Дума скосил глаза на сторону.

– Потом отпустили?

– Сам убег.

– Это хорошо. Так вот что, Федул Дума. Служба у меня будет тяжелая и много риску. Поедем бороться с

большевиками? Понимаешь, за царя бороться.

– Это ничего. Согласны за царя.

– А если убьют?

– Меня? Нет, не убьют.

– Не боишься? Хорошо. Так вот, если будешь верой и правдой служить, будешь иметь много денег. А

потом и офицером сделаю.

– Меня?.. Это очень отлично.

– Ну, вот, старайся. Пьешь?

– Пью.

– А воздержаться можешь?

– Могу. Как же ж.

– А врать умеешь?

– Гы-гы. Это как же?.. Разве можно? Зачем же? – смутился Дума.

– А если для дела нужно будет соврать, сумеешь?

– С моим почтением. Замечательно совру.

– А большевиком прикинуться можешь?

– Могу-с.

– Ну и хорошо. Платить буду много. Вот тебе за два месяца вперед. Купи себе на дорогу костюм

поприличнее. Только спеши. Через час едем.

*

Между тем полки дивизии, оставив гостеприимное советское Баку, продвигались через Азербайджан к

Тереку и Кубани.

Безлесная, выжженная солнцем равнина, с юга замкнутая Кавказским хребтом, далеко разбросалась на

север. Жара, оранжевые пески, синие тени и дикие, преисполненные ненависти к русским мусульмане.

Эшелоны дивизии, солдатское оружие, имущество, точно редкая приманчивая дичь, как магнитом,

притягивает к железнодорожной магистрали огромные тысячные толпы вооруженных бесстрашных горцев.

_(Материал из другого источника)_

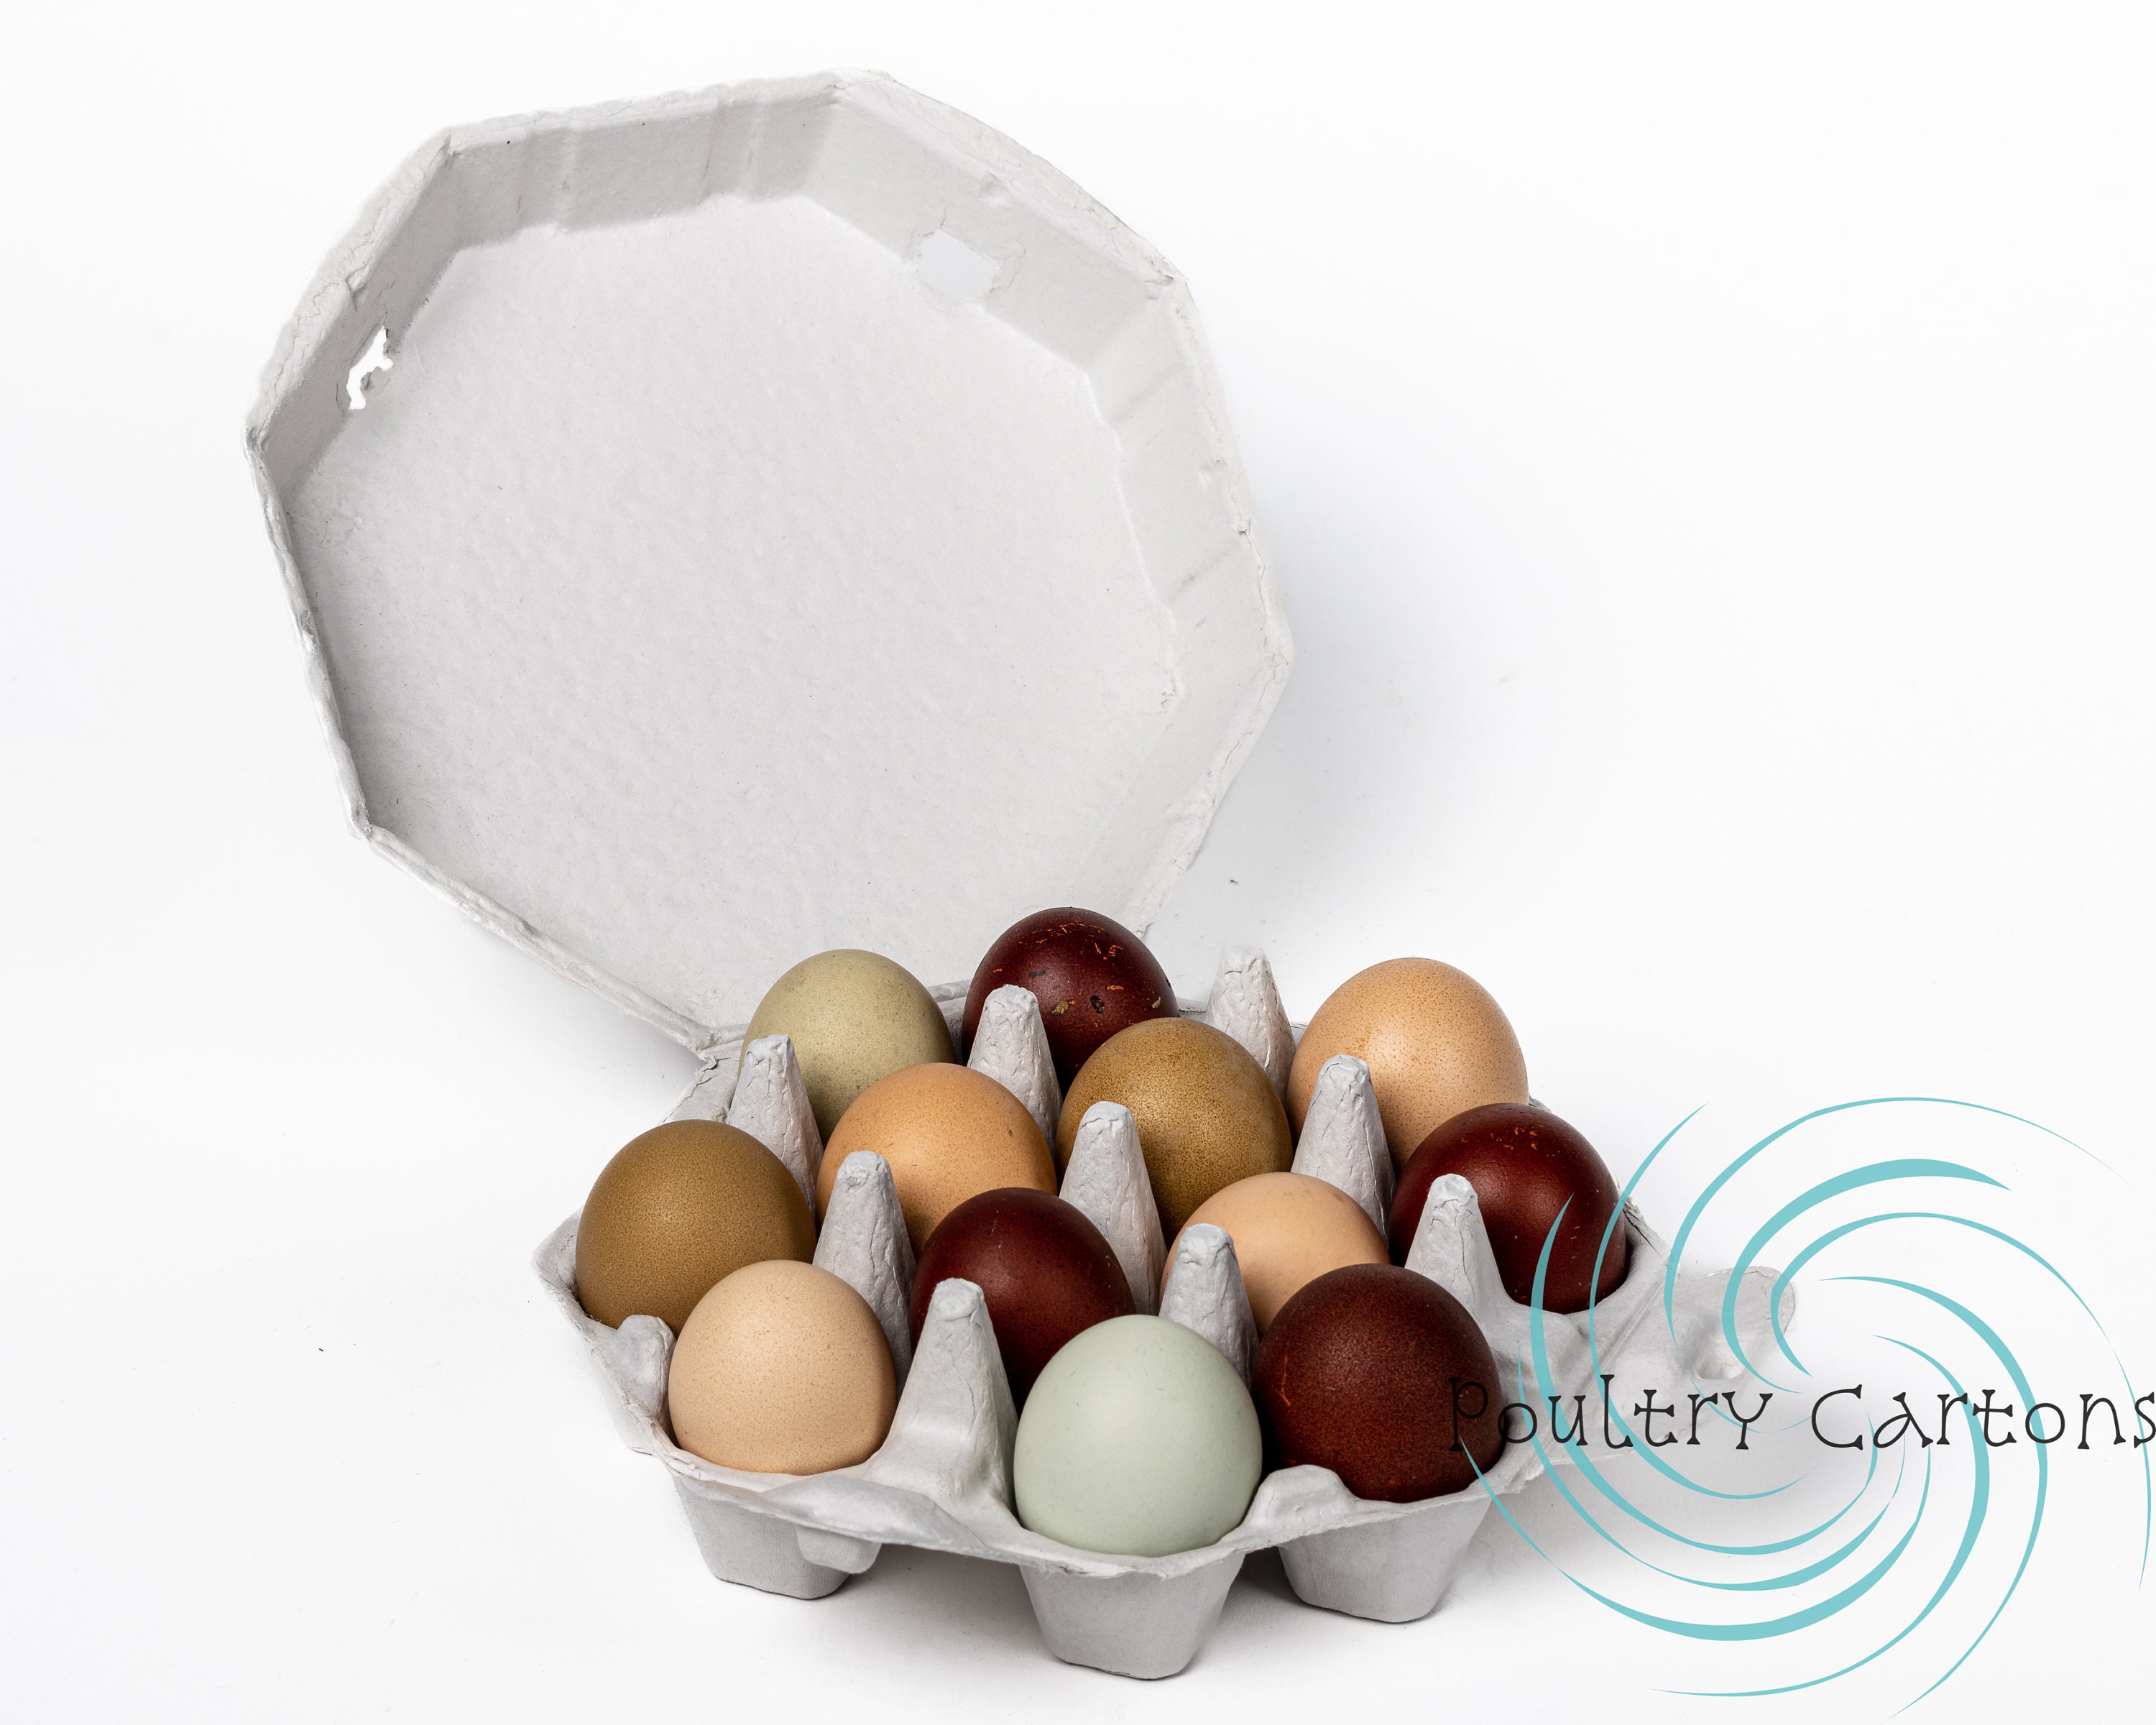 MT Products Blank Natural Pulp Egg Cartons Bulk Holds Up to Twelve Eggs - 1  Dozen - Strong Sturdy Egg Crate Cardboard Material Perfect For Storing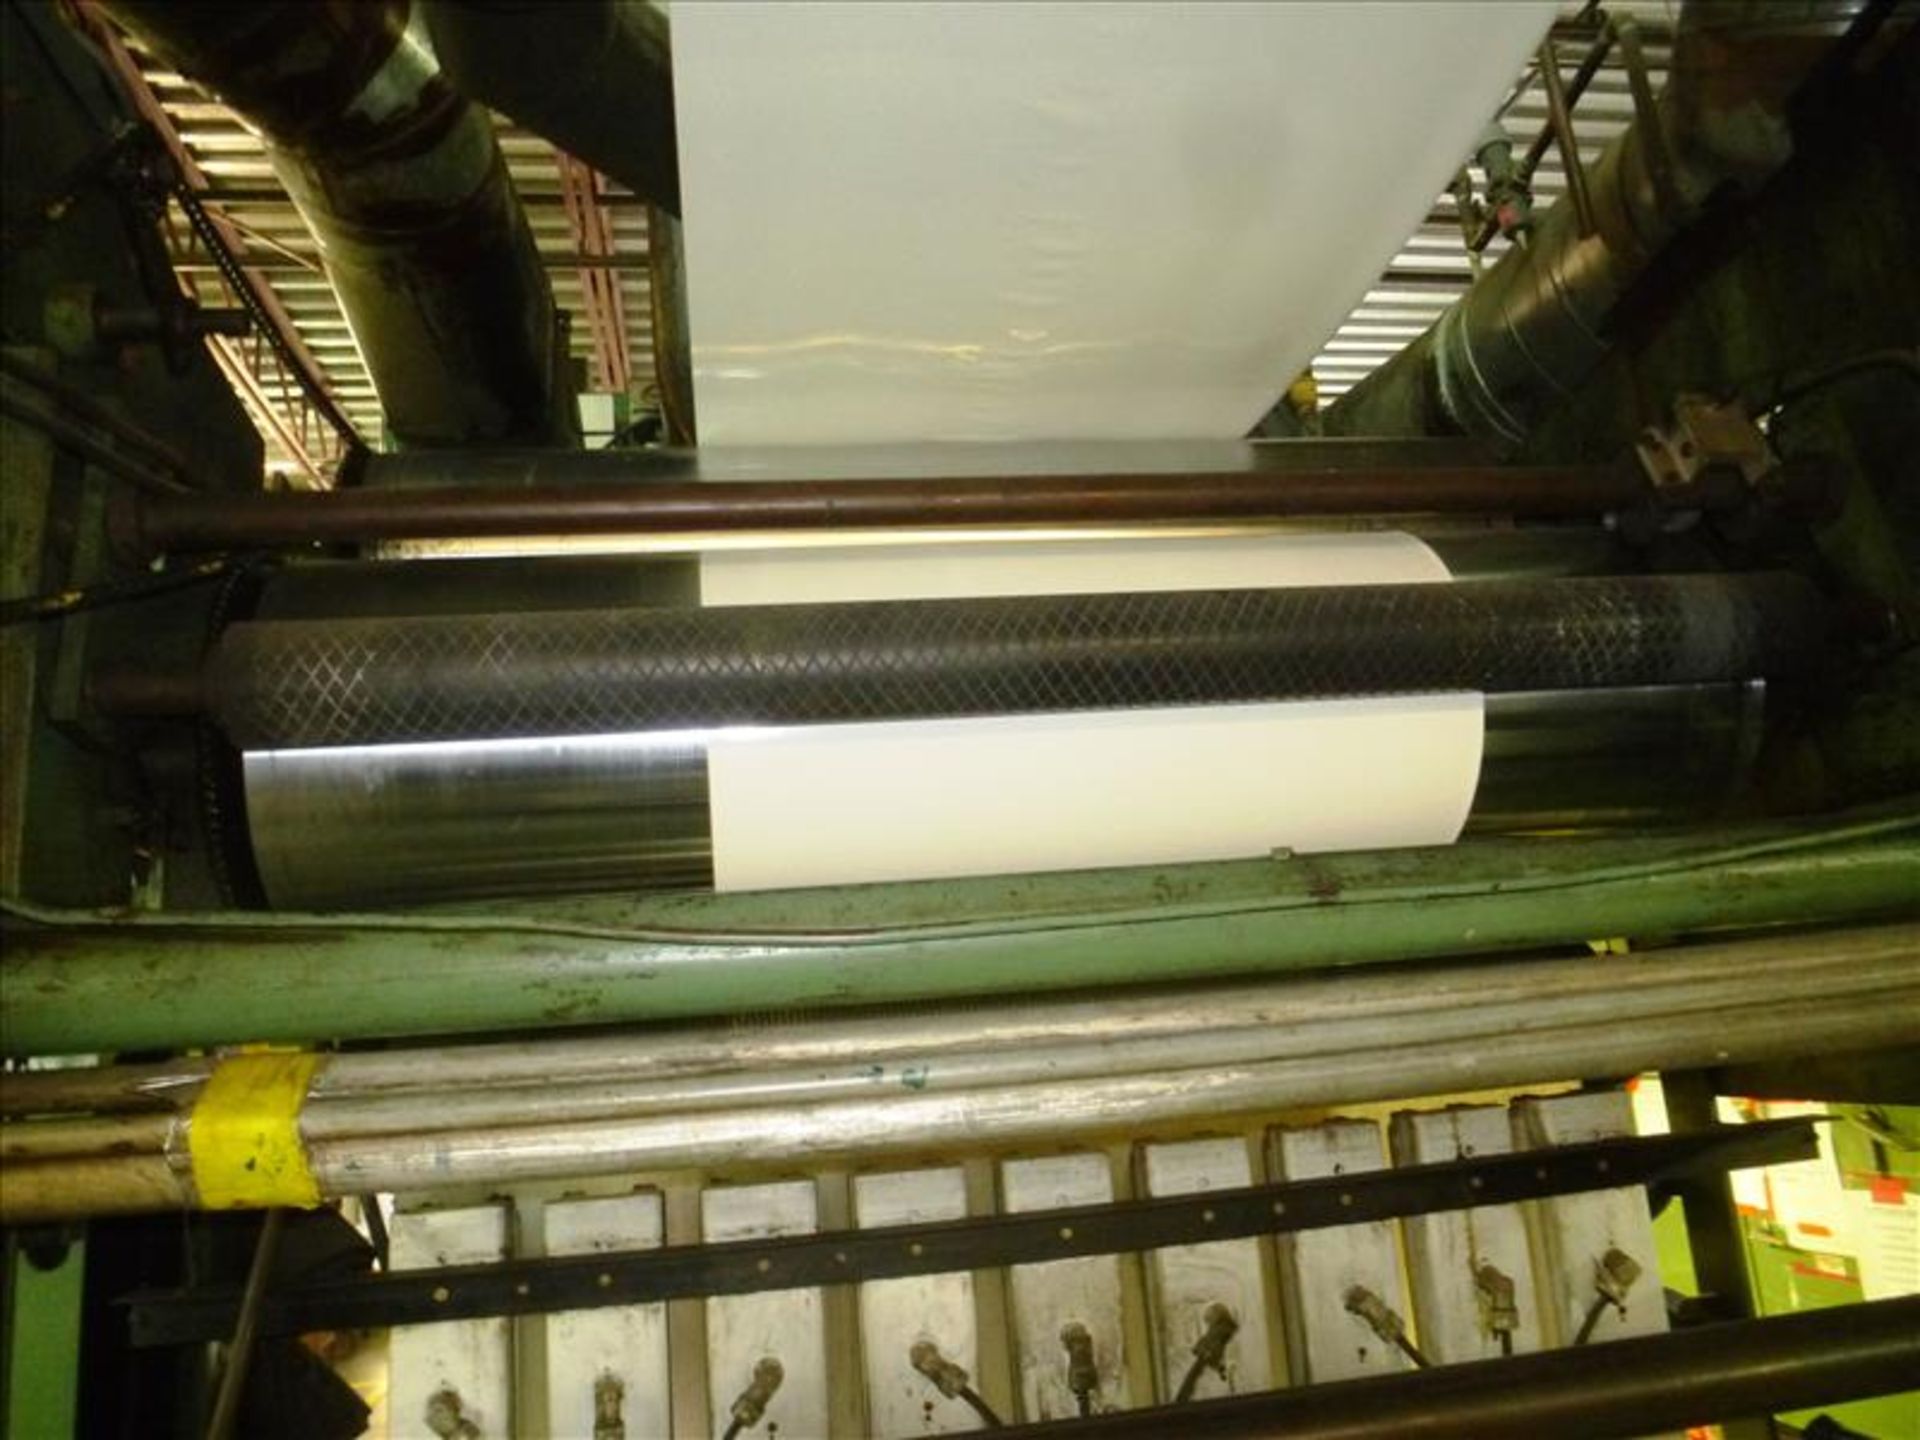 PCMC (Paper Converting Machine Co.) 6-colour central impression flexographic printing press, 56" - Image 13 of 30

Еще в Баку Гончаренко вместе о Марусей перекочевали в вагон дивизионного комитета к Нефедову и

Васяткину. Мучительные переживания последних дней как-то сгладились, притупились, возврата не было, и

образ Тегран, странный, загадочный, как грустное воспоминание о несбывшемся счастьи, лишь изредка

непрошенным гостем посещал его голову.

Раненый Драгин остался в Баку. Так от него и не узнал ничего Василий.

Маруси он сторонился, не замечал ее. Помогая Васяткину, он с головой ушел в горячку пропагандистской

работы среди солдат дивизии.

Нефедов политическими делами интересовался меньше. Он представлял собой выборного командира

дивизии в обстановке не менее сложной, чем на фронтовой позиции, и все часы своего бодрствования

занимался вопросами боевого порядка.

Воинственное настроение населения Азербайджана, Дагестана и Чечни заставляло всю дивизию и в

особенности: Нефедова, как командующего, быть все время начеку.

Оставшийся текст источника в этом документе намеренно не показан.